■ Input data:
════════

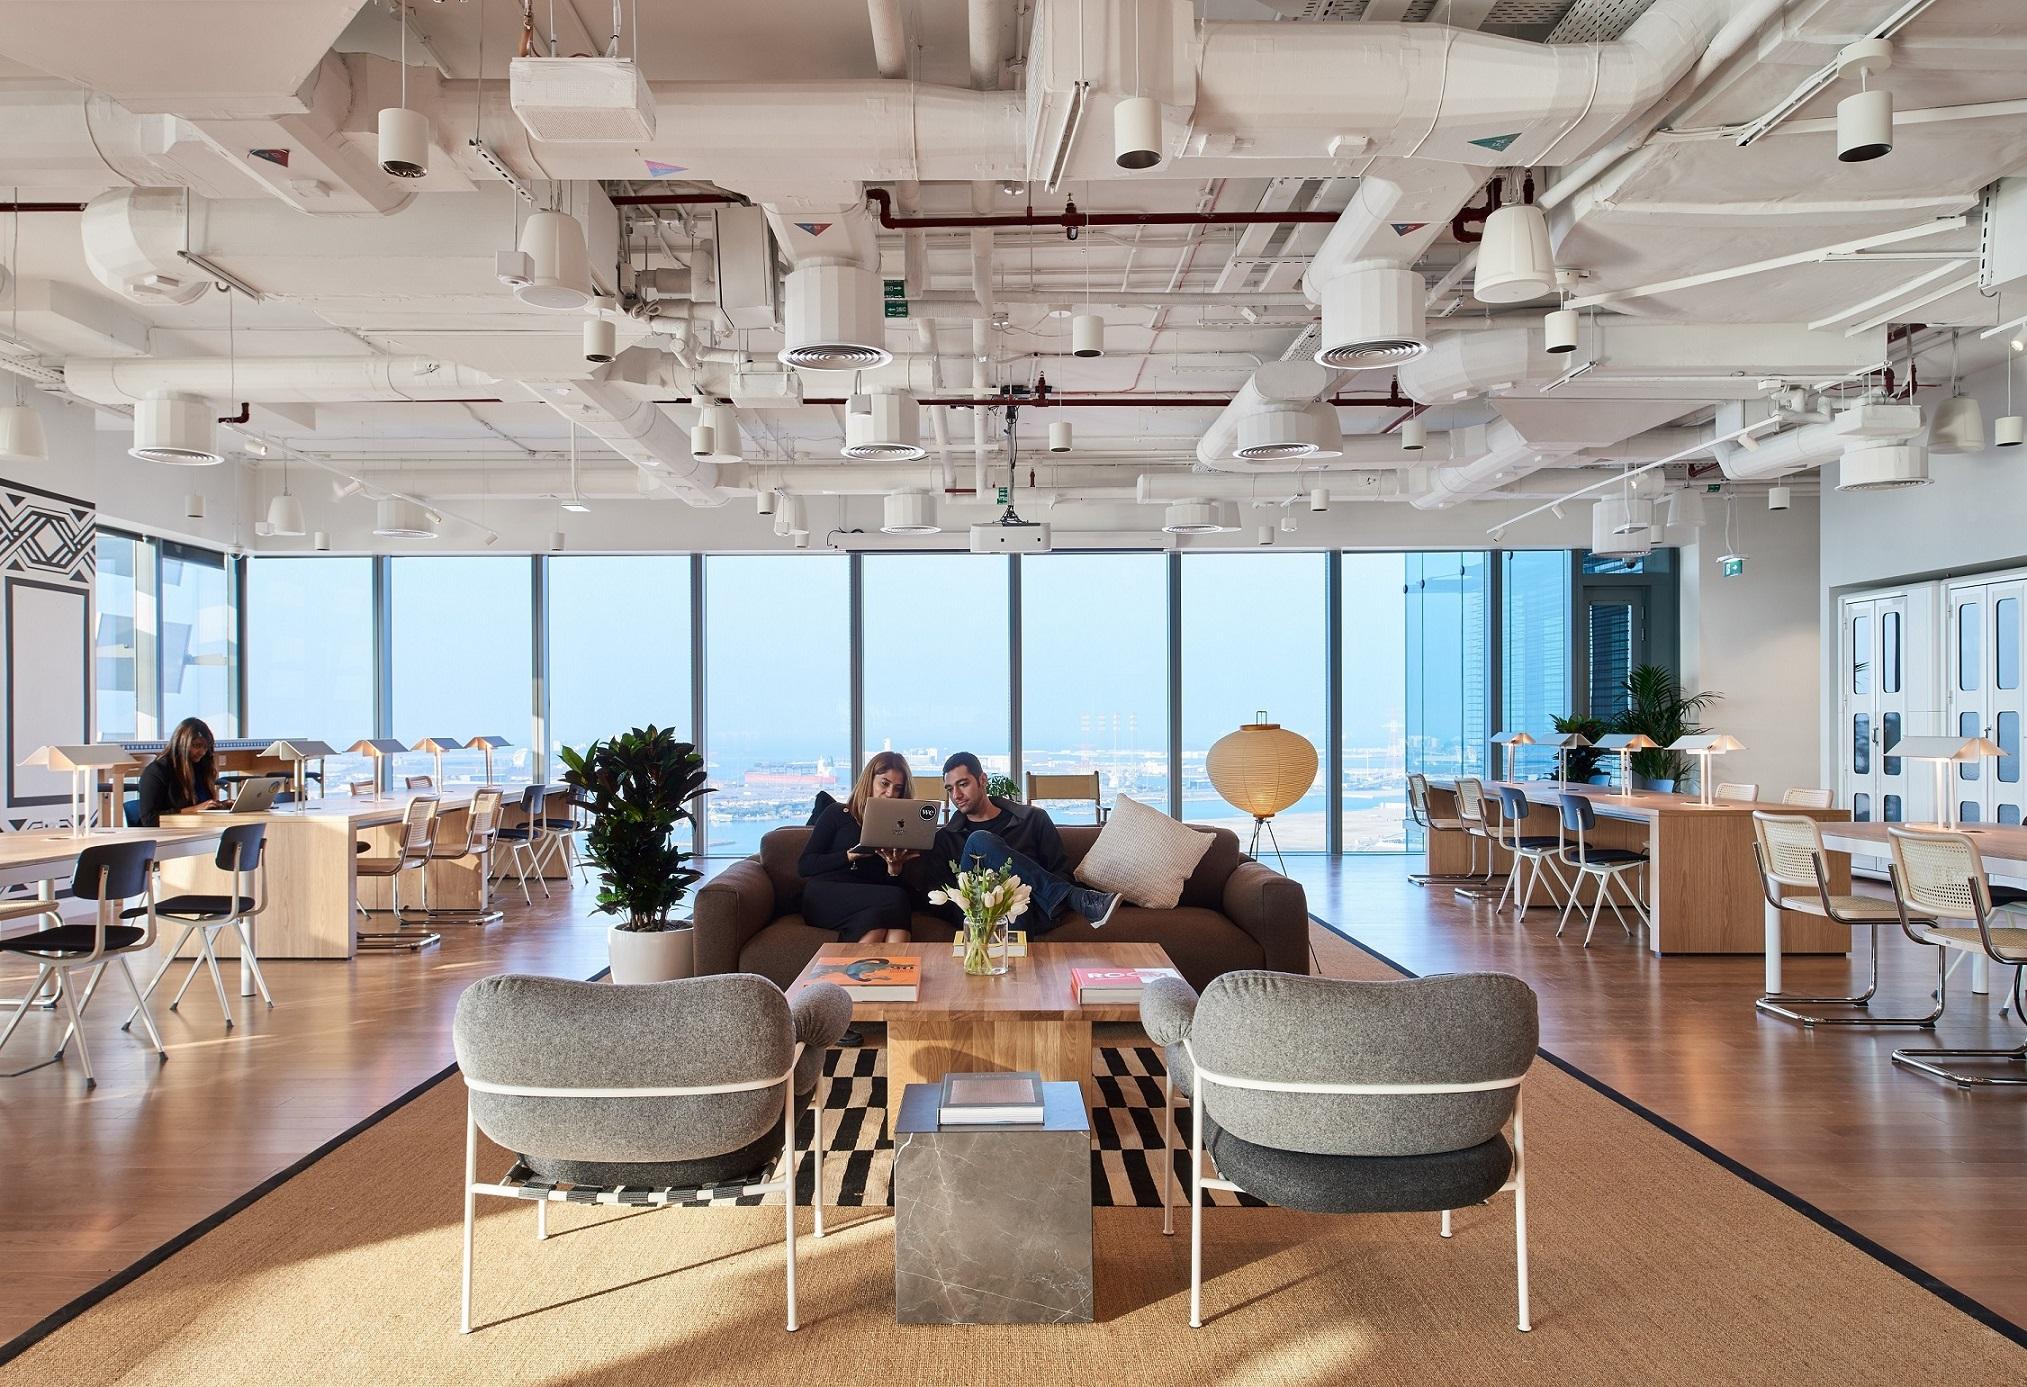 Hub71 selected to endorse global tech entrepreneurs for Golden Visas in Abu Dhabi
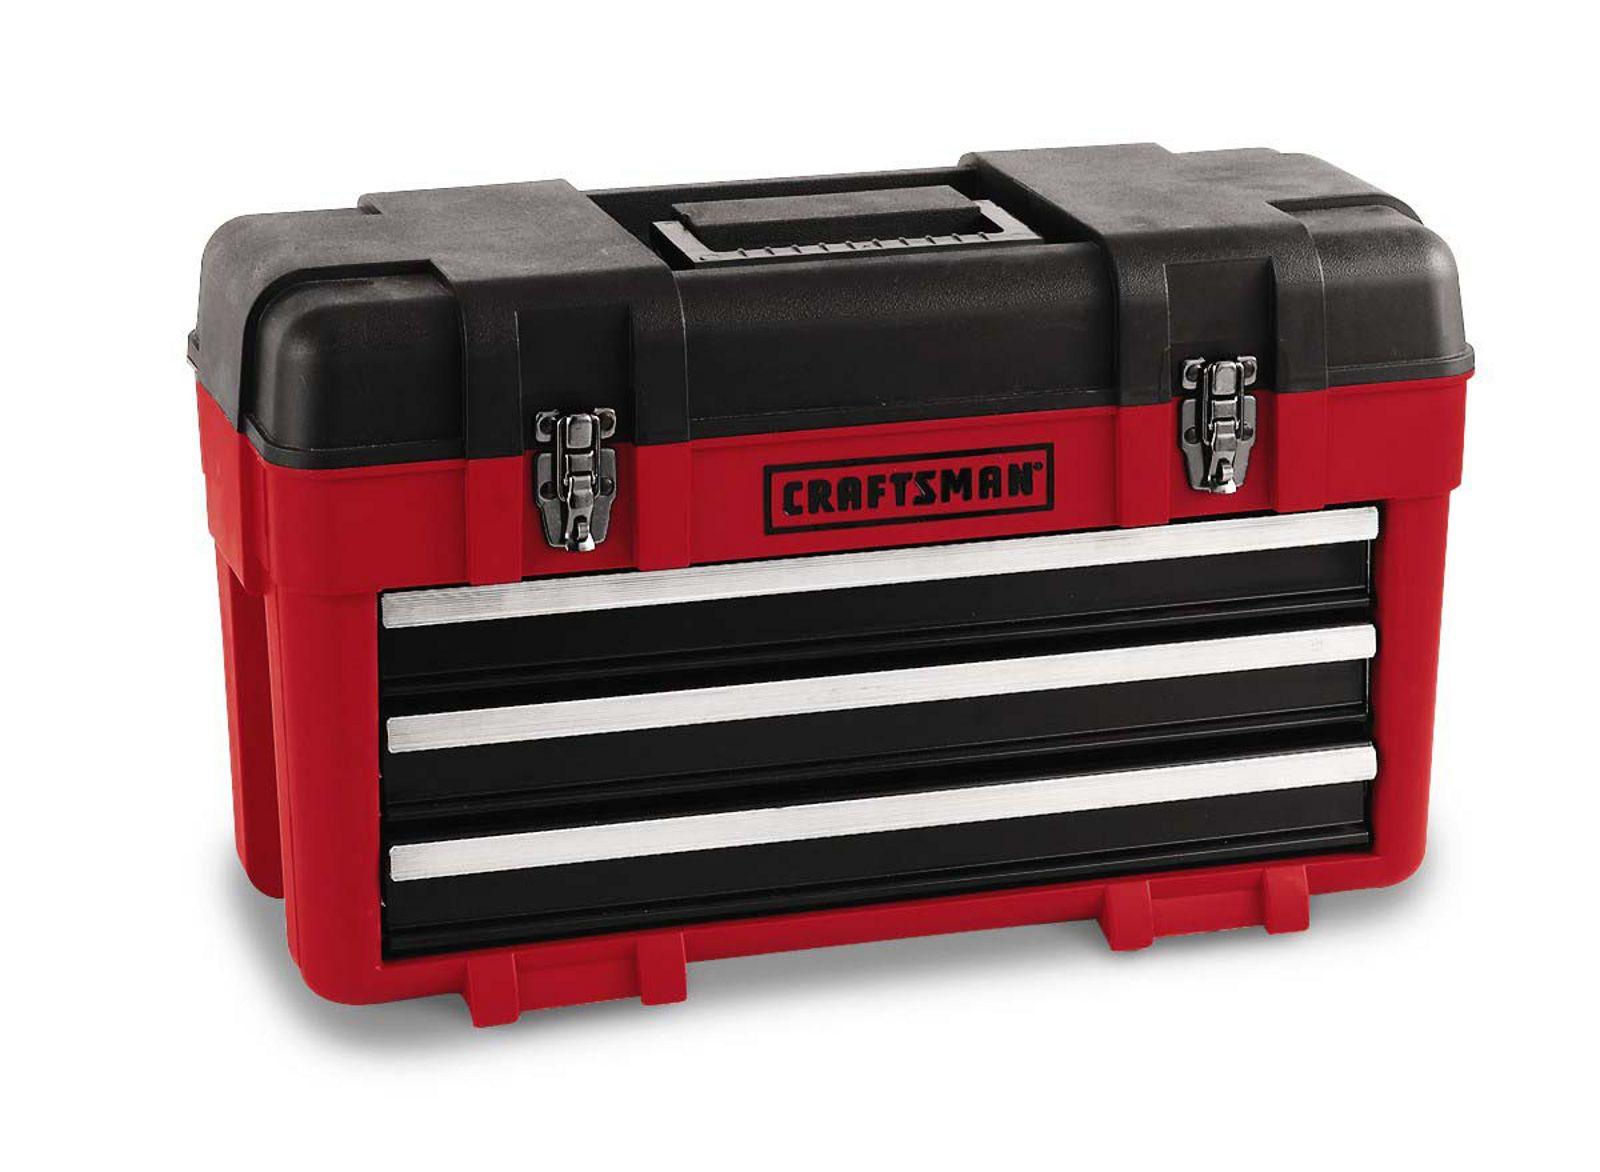 craftsman 3 drawer plastic metal toolbox | giving | Tool
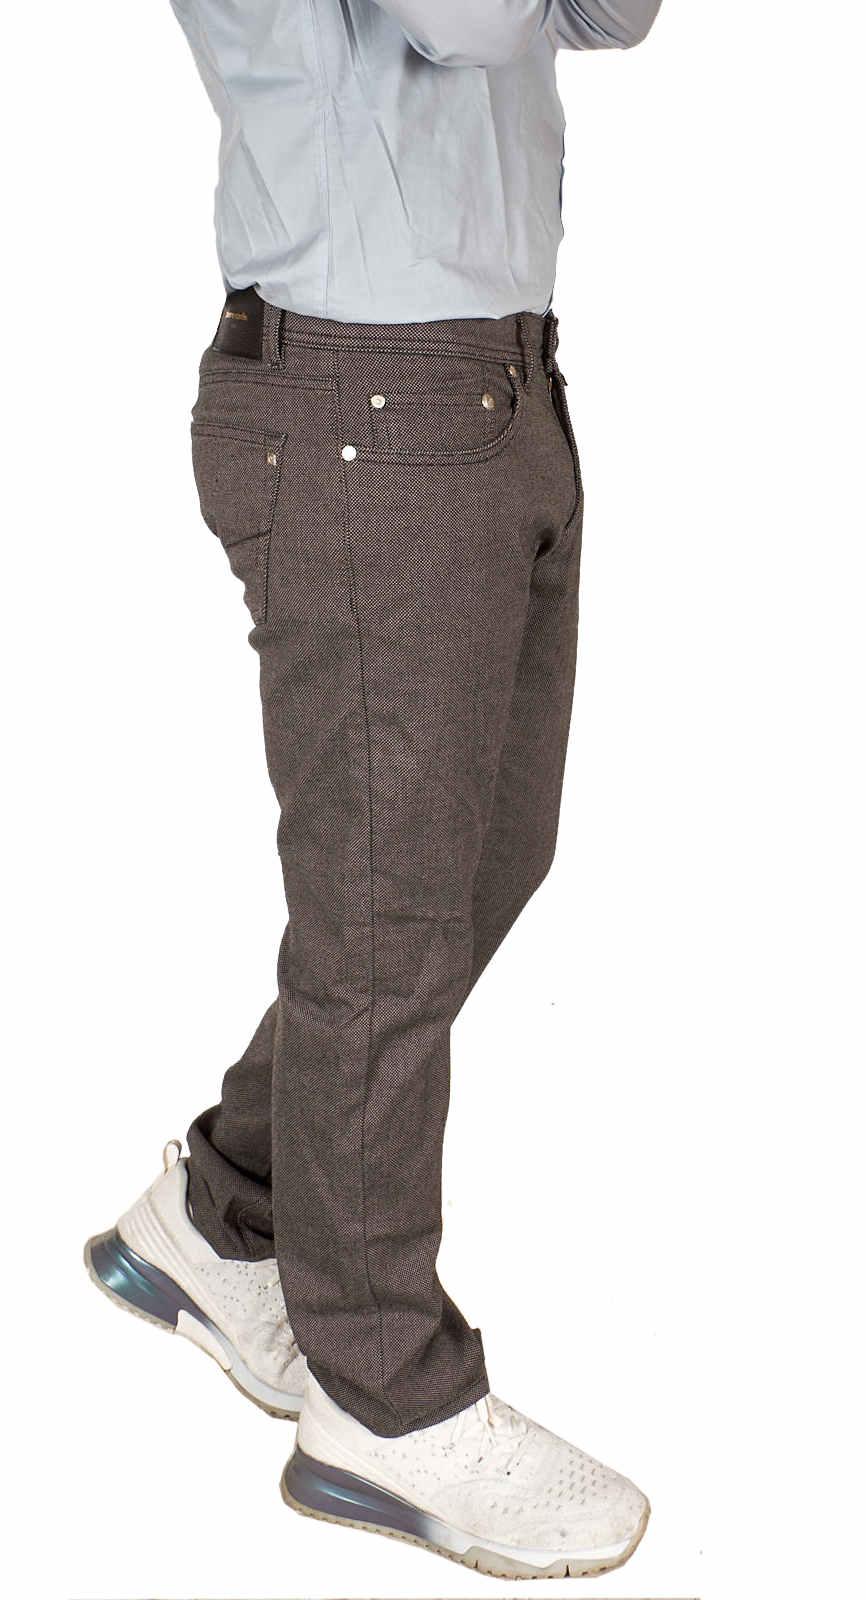 Pierre Chino Coupe Lyon Jeans Cardin Boyau Coupe Moderne Herren Normale fqWwrfanT

════════

■ Task requirements: Copy the data exactly. Pictures do not belong in the copy.

■ Written answer:
 Hub71 selected to endorse global tech entrepreneurs for Golden Visas in Abu Dhabi
 craftsman 3 drawer plastic metal toolbox | giving | Tool
 Pierre Chino Coupe Lyon Jeans Cardin Boyau Coupe Moderne Herren Normale fqWwrfanT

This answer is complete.